## Directions for this task
Search the entries for the line containing "Trouwfotograaf Kasteel Hooge". Repeat it, then every line after it, exactly through the final line.

★ ★ ★ ★

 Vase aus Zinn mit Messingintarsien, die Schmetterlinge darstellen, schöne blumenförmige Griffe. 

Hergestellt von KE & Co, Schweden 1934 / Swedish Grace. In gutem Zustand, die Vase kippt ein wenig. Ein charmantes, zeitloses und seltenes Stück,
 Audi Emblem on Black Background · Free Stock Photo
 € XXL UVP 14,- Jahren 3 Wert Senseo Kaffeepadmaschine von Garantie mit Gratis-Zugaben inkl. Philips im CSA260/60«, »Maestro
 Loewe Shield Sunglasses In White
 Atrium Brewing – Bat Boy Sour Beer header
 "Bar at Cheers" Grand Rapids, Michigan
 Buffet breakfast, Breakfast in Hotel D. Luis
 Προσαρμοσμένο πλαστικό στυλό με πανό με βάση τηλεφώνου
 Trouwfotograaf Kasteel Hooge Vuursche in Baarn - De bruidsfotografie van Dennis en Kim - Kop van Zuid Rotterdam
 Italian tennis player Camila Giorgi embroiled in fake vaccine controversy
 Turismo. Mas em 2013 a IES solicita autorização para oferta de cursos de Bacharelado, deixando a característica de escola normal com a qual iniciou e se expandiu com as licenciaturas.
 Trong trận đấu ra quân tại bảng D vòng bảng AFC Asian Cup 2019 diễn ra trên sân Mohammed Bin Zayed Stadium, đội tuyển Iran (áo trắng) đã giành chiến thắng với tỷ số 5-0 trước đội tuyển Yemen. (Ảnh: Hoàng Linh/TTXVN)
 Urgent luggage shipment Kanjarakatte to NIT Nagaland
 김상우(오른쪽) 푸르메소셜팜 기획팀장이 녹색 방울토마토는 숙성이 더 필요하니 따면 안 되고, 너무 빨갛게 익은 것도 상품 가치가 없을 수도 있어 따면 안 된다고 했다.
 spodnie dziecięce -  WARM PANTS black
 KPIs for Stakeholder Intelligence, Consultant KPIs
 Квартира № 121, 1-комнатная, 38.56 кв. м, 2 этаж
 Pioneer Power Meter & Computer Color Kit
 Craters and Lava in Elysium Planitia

★ ★ ★ ★

## Solved exercise
 Trouwfotograaf Kasteel Hooge Vuursche in Baarn - De bruidsfotografie van Dennis en Kim - Kop van Zuid Rotterdam
 Italian tennis player Camila Giorgi embroiled in fake vaccine controversy
 Turismo. Mas em 2013 a IES solicita autorização para oferta de cursos de Bacharelado, deixando a característica de escola normal com a qual iniciou e se expandiu com as licenciaturas.
 Trong trận đấu ra quân tại bảng D vòng bảng AFC Asian Cup 2019 diễn ra trên sân Mohammed Bin Zayed Stadium, đội tuyển Iran (áo trắng) đã giành chiến thắng với tỷ số 5-0 trước đội tuyển Yemen. (Ảnh: Hoàng Linh/TTXVN)
 Urgent luggage shipment Kanjarakatte to NIT Nagaland
 김상우(오른쪽) 푸르메소셜팜 기획팀장이 녹색 방울토마토는 숙성이 더 필요하니 따면 안 되고, 너무 빨갛게 익은 것도 상품 가치가 없을 수도 있어 따면 안 된다고 했다.
 spodnie dziecięce -  WARM PANTS black
 KPIs for Stakeholder Intelligence, Consultant KPIs
 Квартира № 121, 1-комнатная, 38.56 кв. м, 2 этаж
 Pioneer Power Meter & Computer Color Kit
 Craters and Lava in Elysium Planitia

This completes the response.